Yttrium Y 90 Basiliximab and Combination Chemotherapy Before Stem Cell Transplant in Treating Patients With Mature T-cell Non-Hodgkin Lymphoma

NCT ID: NCT02342782

Last Updated: 2025-03-20

Basic Information

• Recruitment Status: COMPLETED
• Clinical Phase: PHASE1
• Total Enrollment: 20 participants
• Study Classification: INTERVENTIONAL
• Study Start Date: 2020-06-08
• Study Completion Date: 2024-11-18

Brief Summary

This phase I trial studies the side effects and best dose of yttrium Y 90 basiliximab when given together with standard combination chemotherapy before a stem cell transplant in treating patients with mature T-cell non-Hodgkin lymphoma. Radioactive substances linked to monoclonal antibodies, such as yttrium Y 90 basiliximab, can bind to cancer cells and give off radiation which may help kill cancer cells. Drugs used in chemotherapy, such as carmustine, cytarabine, etoposide, and melphalan (BEAM), work in different ways to stop the growth of cancer cells, either by killing the cells, by stopping them from dividing, or by stopping them from spreading. Giving yttrium Y 90 basiliximab and chemotherapy before a stem cell transplant may help kill any cancer cells that are in the body and help make room in the patient's bone marrow for new blood-forming cells (stem cells) to grow. Stem cells that were collected from the patient's blood and stored before treatment are later returned to the patient to replace the blood-forming cells that were destroyed.

Detailed Description

PRIMARY OBJECTIVES:

I. To determine if administration of 90Y-basiliximab/DOTA (yttrium Y 90 basiliximab), when given in combination with standard dose BEAM, as conditioning for autologous hematopoietic cell transplant (AHCT), is safe, by evaluation of toxicities, including type, frequency, severity, attribution, time course and duration.
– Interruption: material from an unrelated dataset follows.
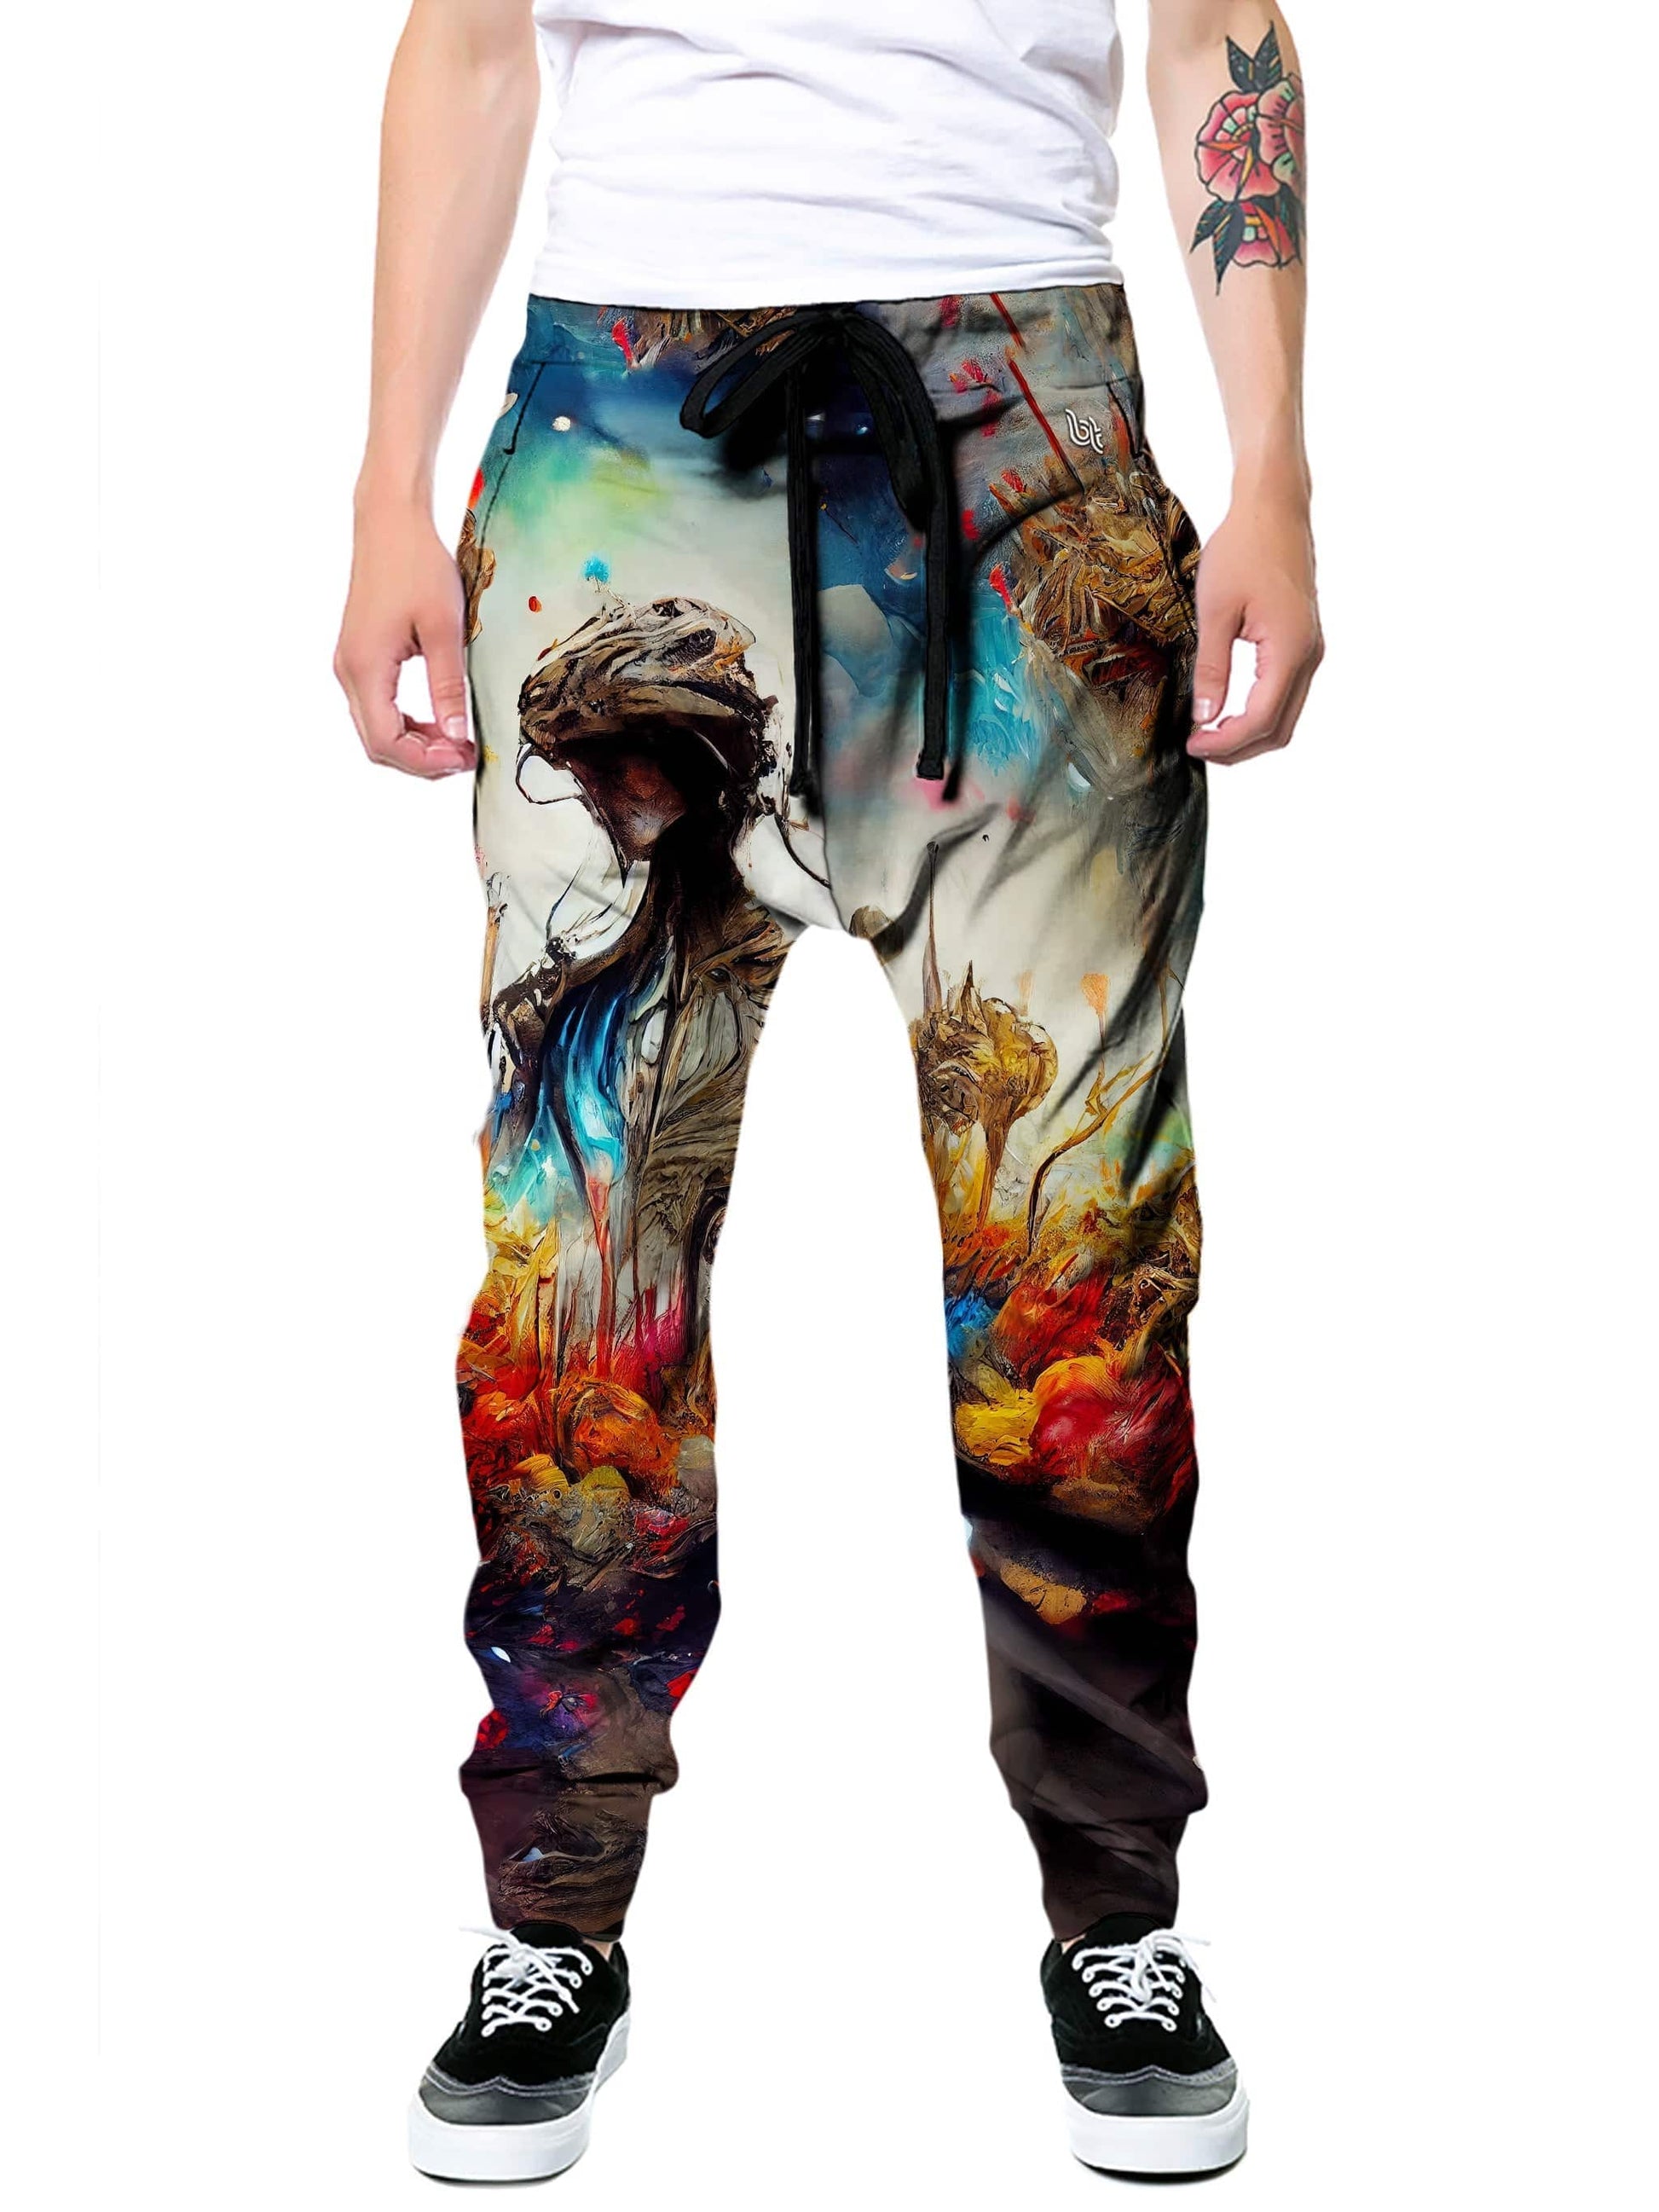 Fanatical Obligation Joggers, Gratefully Dyed, | iEDM

II. To determine the maximum tolerated dose (MTD) of 90Y-basiliximab/DOTA when given in combination with standard dose BEAM, in patients with T-cell non-Hodgkin lymphoma (T-NHL) as part of conditioning for AHCT.

SECONDARY OBJECTIVES:

I. To characterize and evaluate hematologic recovery in terms of neutrophil and platelet engraftment time.

II. To estimate radiation doses to the whole body and normal organs through serial imaging studies.

III. To estimate overall survival, progression-free survival, non-relapse mortality and cumulative incidence of relapse/progression at 100-days (non-relapse mortality [NRM] only), 1-year and 2-years.

OUTLINE: This is a dose-escalation study of yttrium Y 90 basiliximab.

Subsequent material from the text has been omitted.